En el tiempo que llevo escribiendo sobre nacionalismo y nación, no me canso de insistir en esos dos conceptos que caminan dados de la mano dentro de la enjundia político-sociológica capaz -como lo ha hecho- de cambiar el mundo.

Insistir sobre ellos, sobre estos constructos, no es lluvia sobre mojado, sino que el momento, quizás más que entonces, es propicio para que lo hagamos con la contundencia que requiere impulsar o defender una política y una ideología concreta como es la nacionalista.

Uno de los pensadores más relevantes de nuestro tiempo sobre la nación -y quizás más comprensivo que Gellner y Kedourer- sea Isaiah Berlin, que ha dicho que "el nacionalismo brota no pocas veces de un sentido ultrajado y herido de dignidad humana, del deseo de reconocimiento, y es una de las fuerzas mayores que impulsan la historia humana, hasta constituir una dinámica más poderosa que ninguna otra existente en nuestros días".

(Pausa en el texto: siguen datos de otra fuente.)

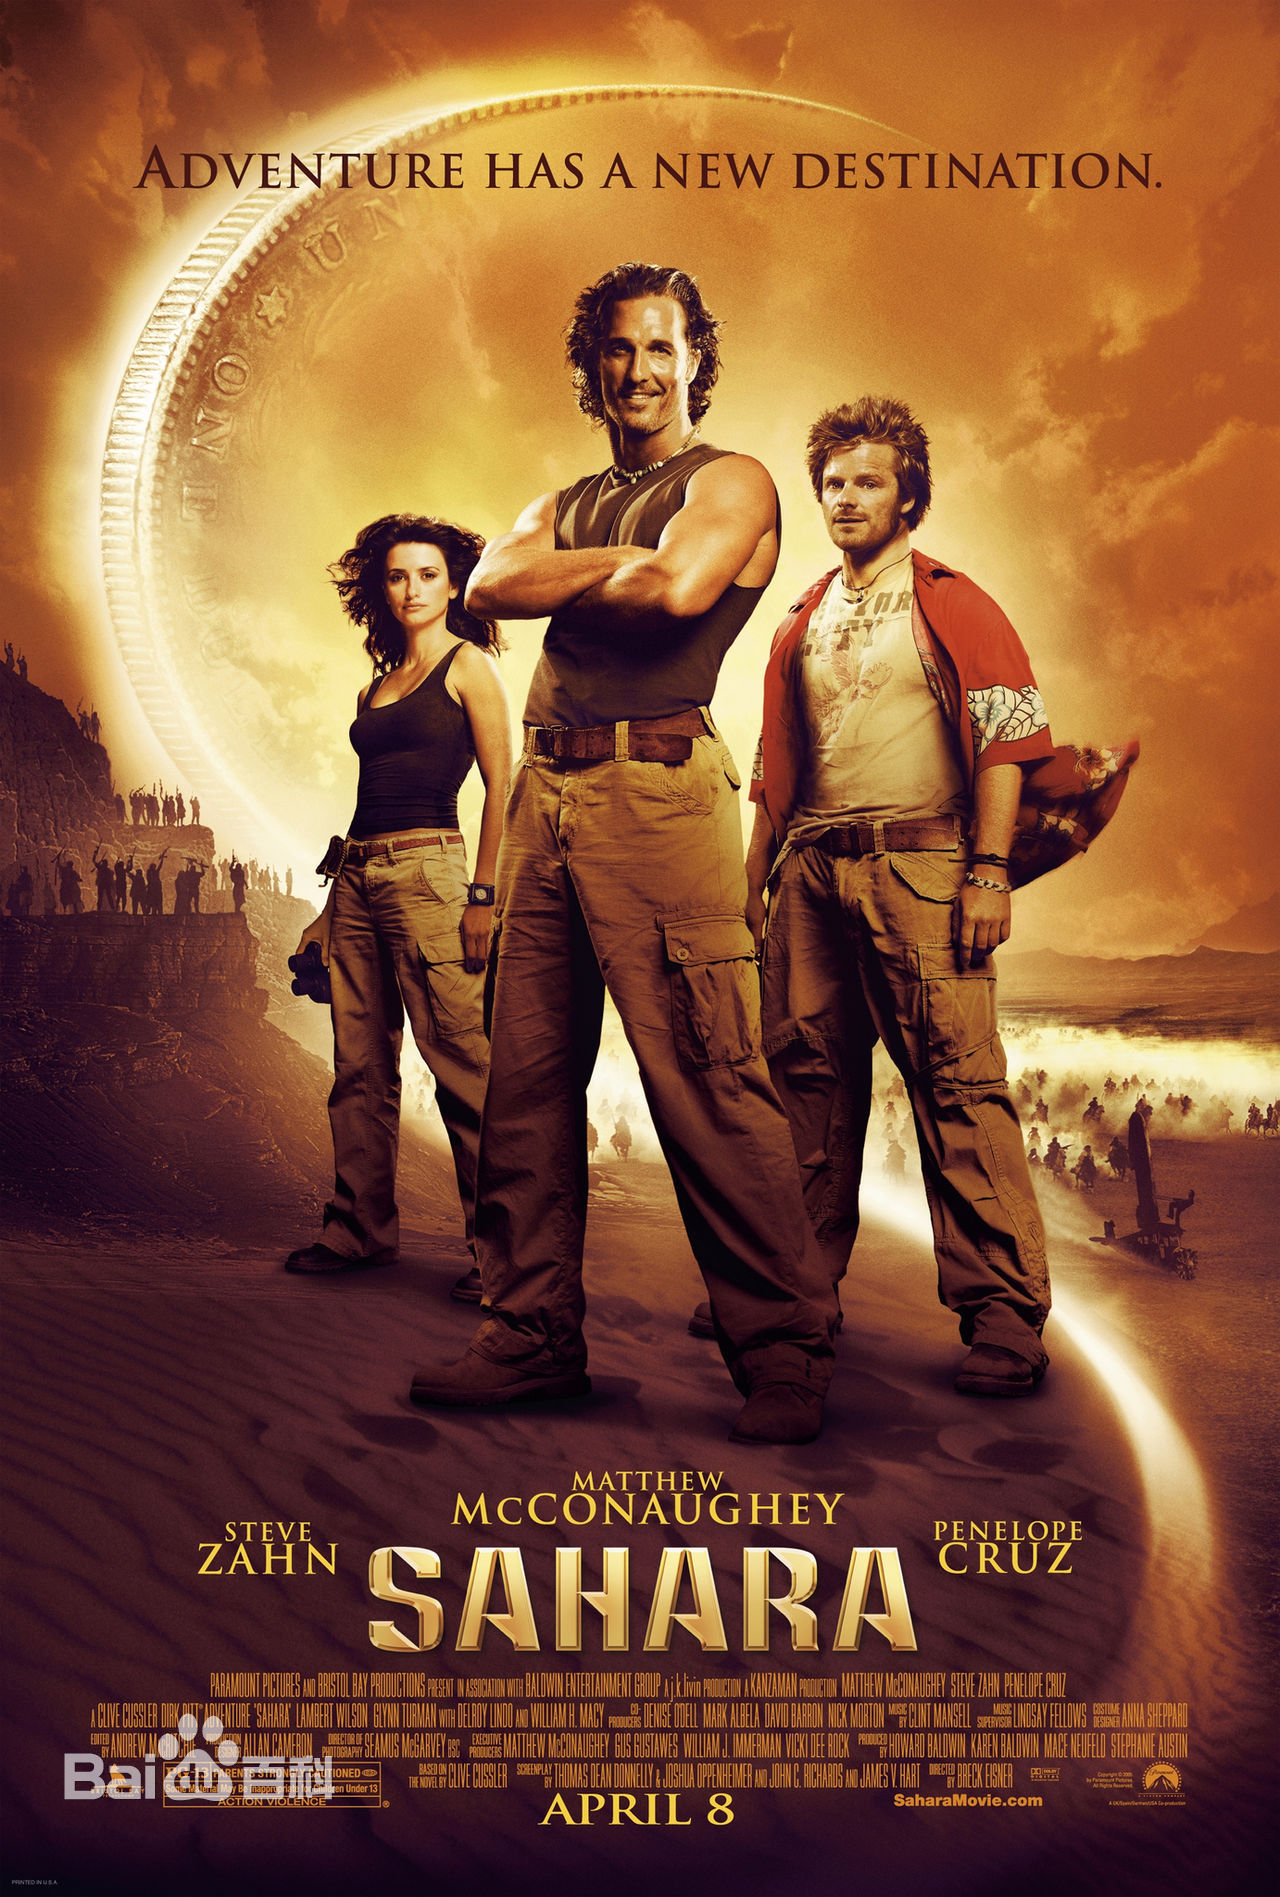 撒哈拉   (2005年布莱克·伊斯纳执导电影)   《撒哈拉》是由布莱克

Y la evidencia es que la nación no estaba emboscada, solo que se debatía por subsistir y lo ha hecho. La nación ha regresado motivada por la crisis de los sistemas políticos de la vieja guardia y por los modernos podemitas, que serán flor de un día. Todo aquello que empuje un territorio a dignificarse y a sentirse como un organismo humano con ansias de vivir su vida y de colaborar con las vecindades no se podrá destruir ni con constituciones ni con alegatos, que cansan por su monotonía, instalada en un bucle de pseudointelectualidad.

Javier Tussel en "España, una angustia nacional" (escrito en 1999 y que cobra rabiosa actualidad) pregunta sobre el retorno de la nación: "¿Constituye un fin, una vuelta atrás o un presagio del futuro?" Si aparece la nación es porque instancias superiores carecen de la capacidad de movilización; por ejemplo, lo que ha acontecido en Cataluña.

La nación no es algo que pasa, sino que se desarrolla y crece, adquiriendo características diferentes con el trascurso del tiempo. "Es un producto de la voluntad individual y colectiva ejercida en un momento singular por razones que en otro tiempo no llegaron a producir idénticos resultados".

España se construyó como nación alrededor de Castilla; España era Castilla y su conciencia nacional comenzó con la Constitución de Cádiz, en 1812, donde brota el patriotismo ante la invasión del enemigo, de Napoleón.

Cataluña, según Pier Vilar, entre 1250 y 1350 ya existía como estado-nación, y fue Felipe V el que dio el espaldarazo de su absolutismo imponiendo el decreto de Nueva Planta, por lo que Cataluña dejó de existir como Estado integrado en la monarquía hispánica para pasar a ser una provincia más de esa monarquía, con lo cual todas sus instituciones históricas se abolieron, pero nunca han caído en el olvido. He ahí el estado de la cuestión y su reivindicación permanente.